While I laud the decisions to remove the eponyms from Granulomatosis with Polyangiitis (formerly Wegener’s granulomatosis) and Reactive Arthritis (previously Reiter’s syndrome), I am concerned that the Nazi party involvement of Friedrich Wegener and the atrocities of medical experimentation at Buchenwald, performed by Hans Reiter, will be forgotten by future medical students — unless they are reminded. How should that be done?

I believe that the best approach is the asterisk. When Roger Maris hit 61 home runs in 1961, surpassing Babe Ruth’s prior record of 60, the commissioner Ford Frick insisted on placing an asterisk after Maris’ name, noting that he accomplished his feat in 162 games, compared to 154 for Ruth. (It should also be remembered that Frick and Ruth were friends. On another note, the current record is 73 home runs by Barry Bonds in 2001 — he probably deserves two asterisks for performance enhancing drugs).

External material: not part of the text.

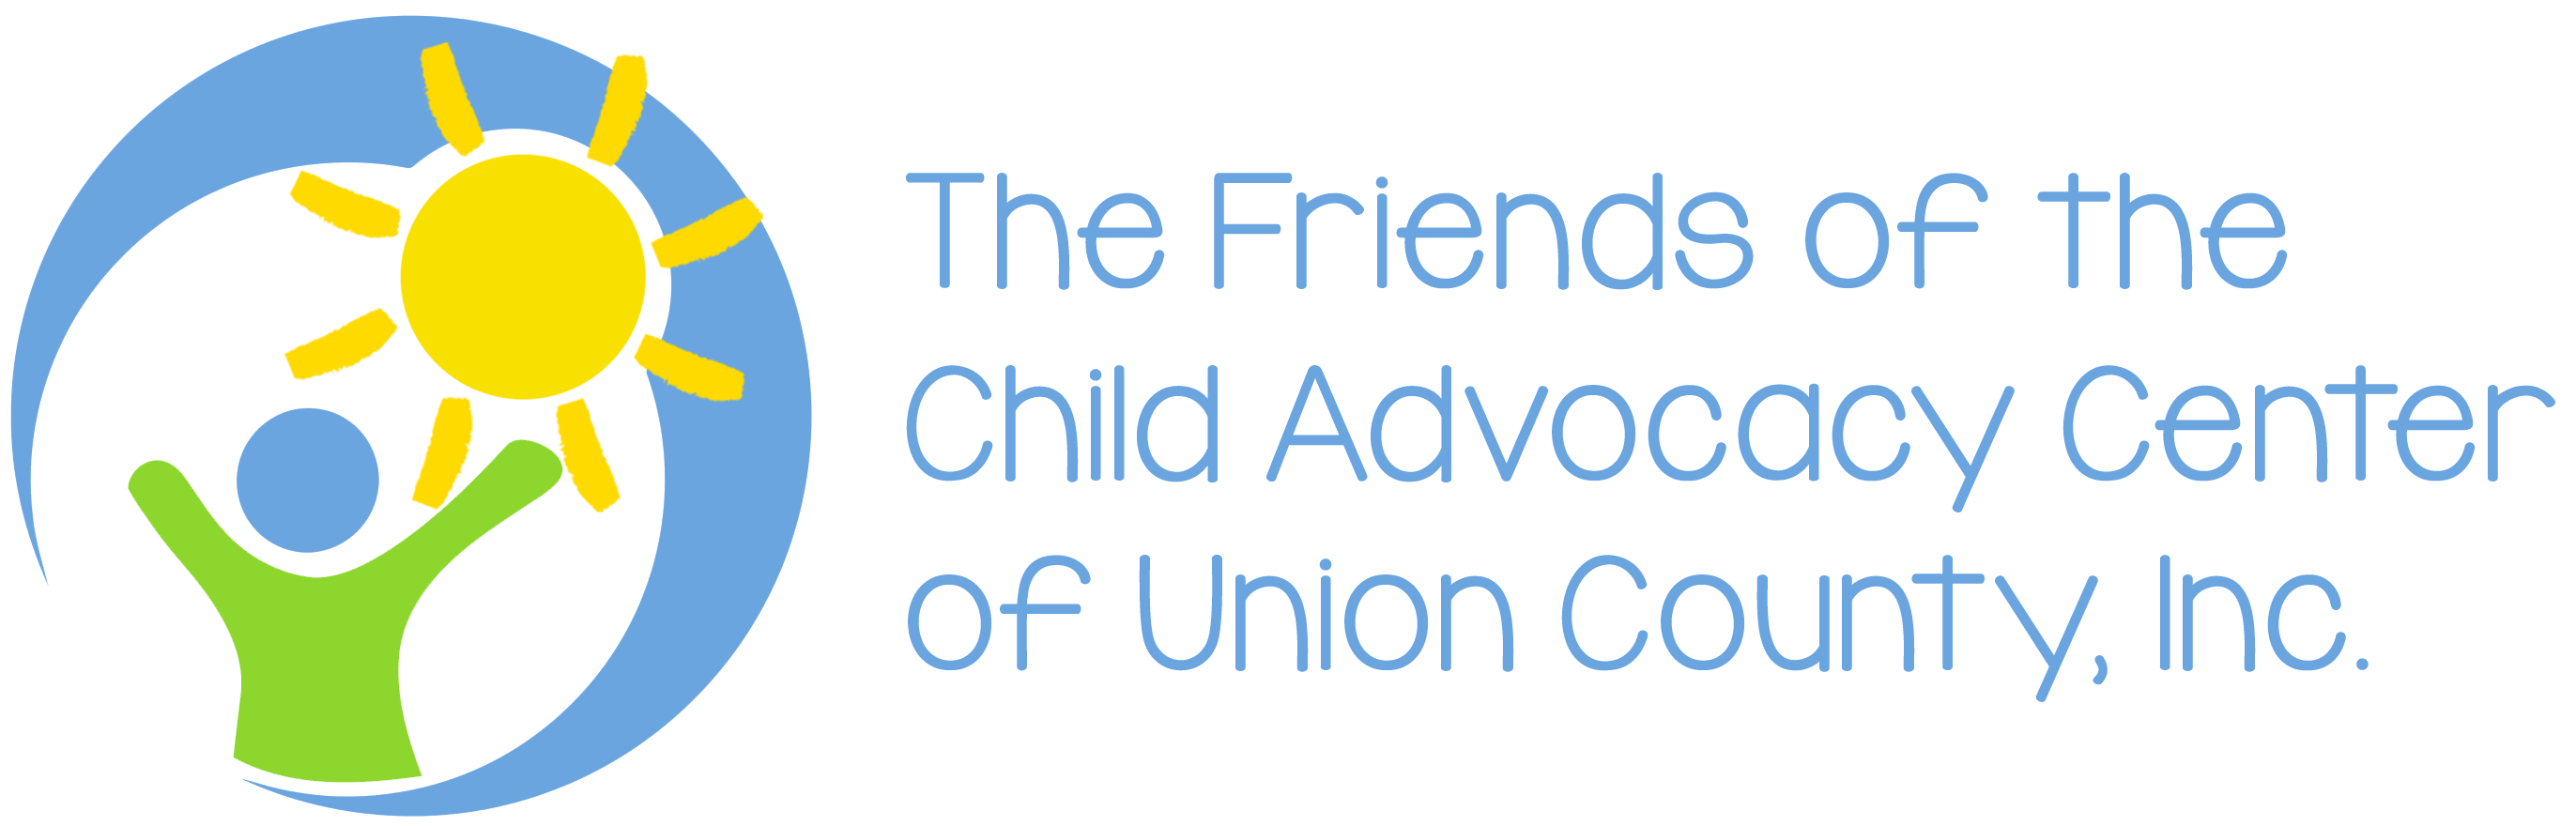 Friends of the Child Advocacy Center of Union County, New Jersey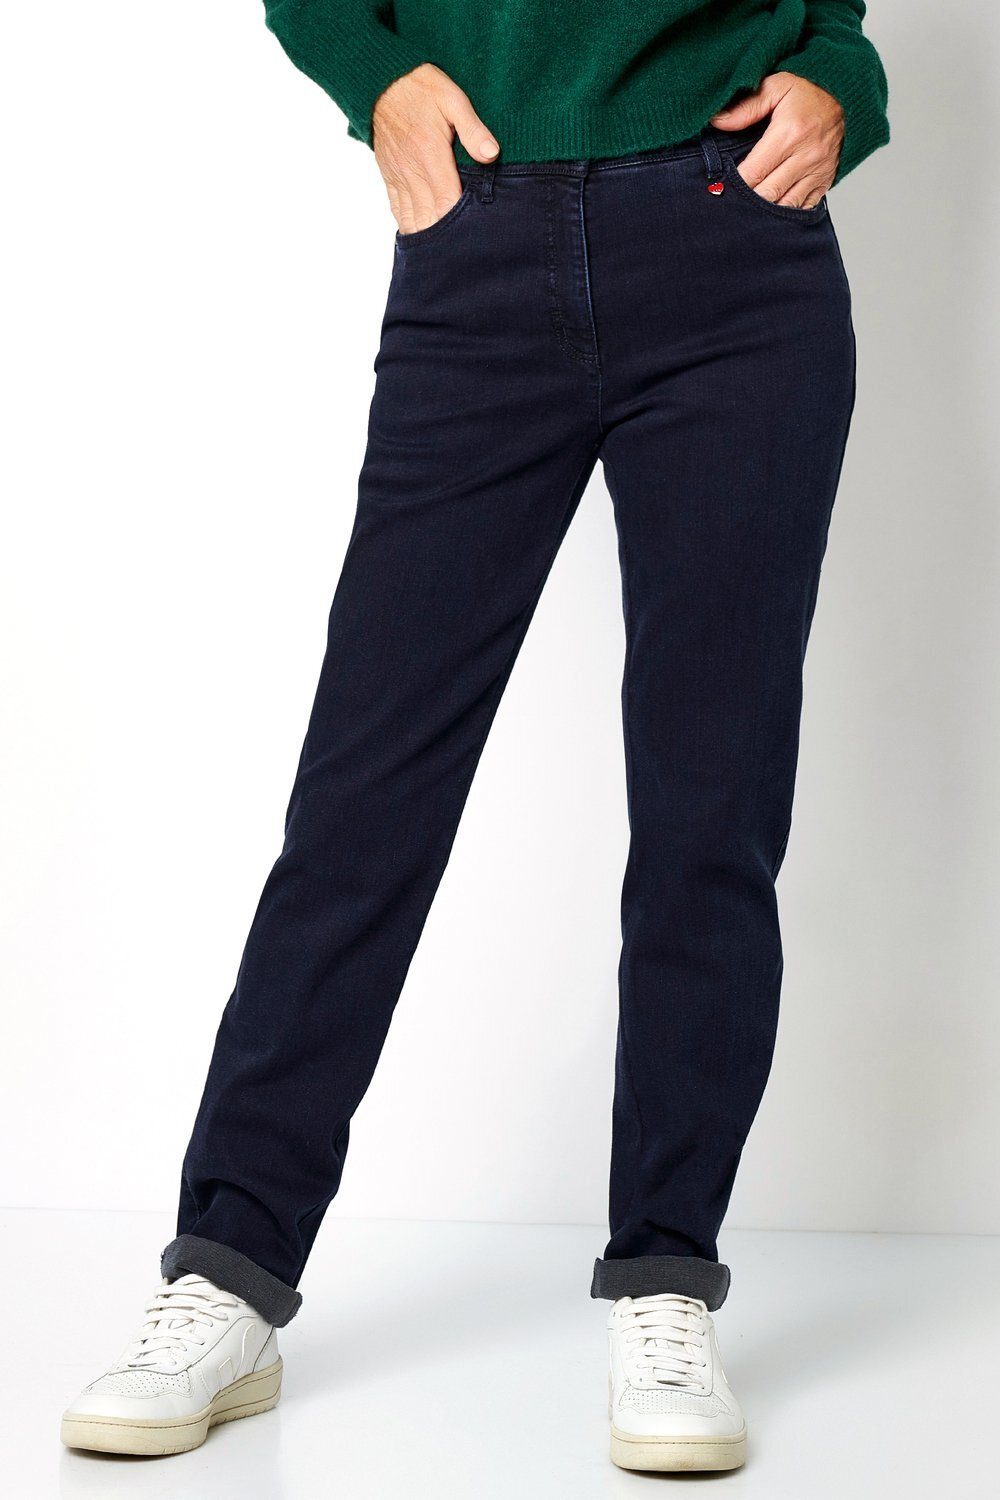 legerer Relaxed 5-Pocket-Jeans My Love in dunkelblau - TONI 058 Passform by

In conclusion, we cannot escape our past, but we must learn from it. As we as a country strive for the ideals set by our founding fathers, we as physicians must also maintain the highest ethical principles espoused by Hippocrates and Maimonides. One small step in this process would be to see the following: Granulomatosis with Polyangiitis* and Reactive Arthritis*.

1. Egan, T. The Real American Heritage. New York Times August 18th, 2017.
2. Astor M, Fandos N. Confederate Leaders’ Descendants Say Statues Can Come Down. New York Times August 17th, 2017.
3. Moreno JD, et al. The Nuremberg code 70 years later. JAMA published online August 17th, 2017.
4. Schwartzstein RM, Roberts DH. Saying goodbye to lectures in medical school – paradigm shift or passing fad? N Engl J Med 2017; 377: 605-7.